For some infertile couples, IVF can become a long and agonising process. Who decides when it is time to step off the conveyor belt and give up hope? By Bianca Nogrady
 
GIVING up on IVF is a little like turning off life support, says Dr Christine Read. The comparison may seem callous, but Dr Read, medical director at Family Planning NSW, has seen enough desperate women to know the anguish of this scenario.

"People invest so much in getting pregnant, [that] when they're told they aren't pregnant or [the pregnancy] lasts for a short time, then fails, it's devastating," she says.

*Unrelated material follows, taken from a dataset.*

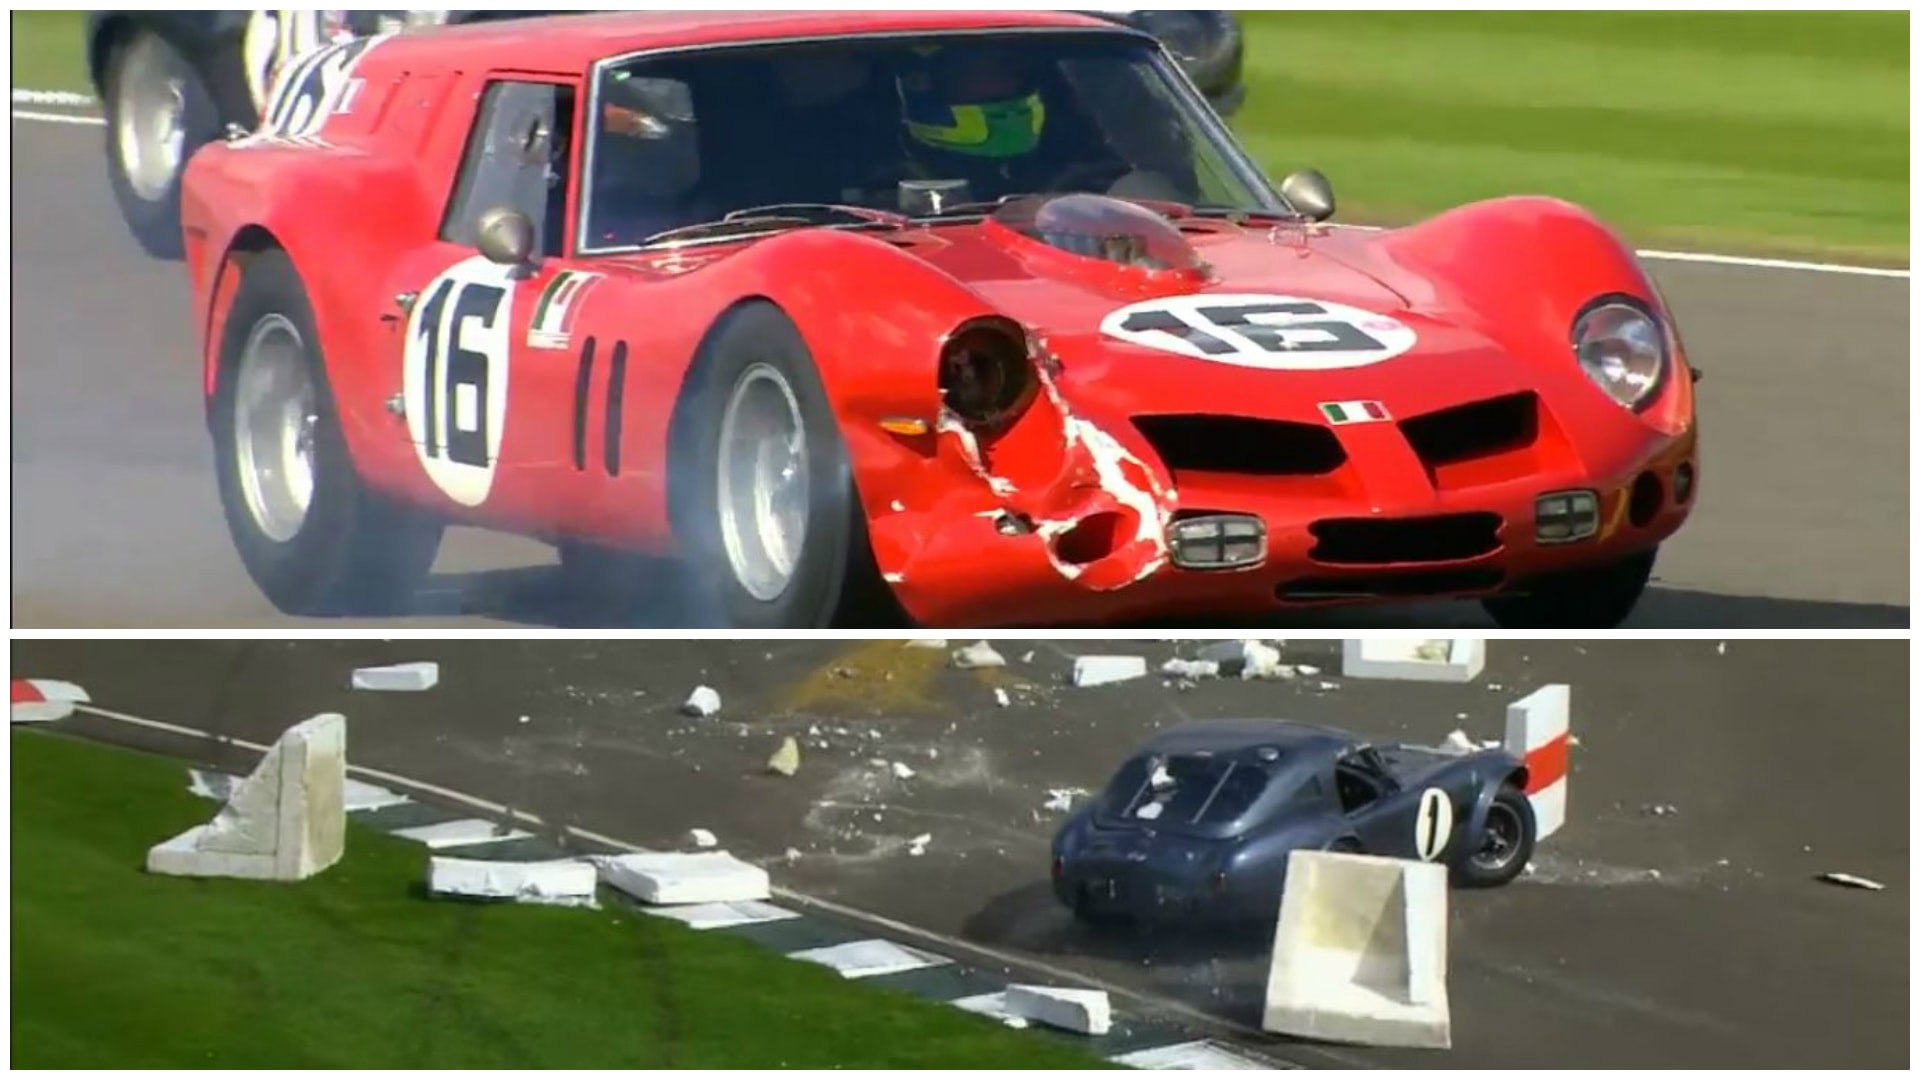 18m-ferrari-breadvan-crashes-and-keeps-racing-27m-cobra-smashes-into-barrier-at-goodwood-revival-video-99855_1.jpg

It is three decades this year since the world's first IVF baby was born, in England. Two years after that, Australia's first IVF baby arrived, and the country's assisted reproductive technology industry has not looked back. In 2005 alone, there were more than 8000 IVF success stories in Australia. However, amid the tens of thousands of happy couples, there are some for whom IVF does not deliver.

Dr Read describes the experience of one couple, which is no less painful for being increasingly typical. A woman from overseas, older than 35, had married an Australian man who already had children from a previous relationship.

"She was desperate to have a child and had been trying ever since she'd been married, for about one year," Dr Read recalls. "He was quite supportive, but I don't think for him there was the imperative there was for her."

Given her age, the woman's chances of a successful IVF outcome were declining, yet she persisted until the realisation had to be faced that she was not going to be able to conceive her own biological child.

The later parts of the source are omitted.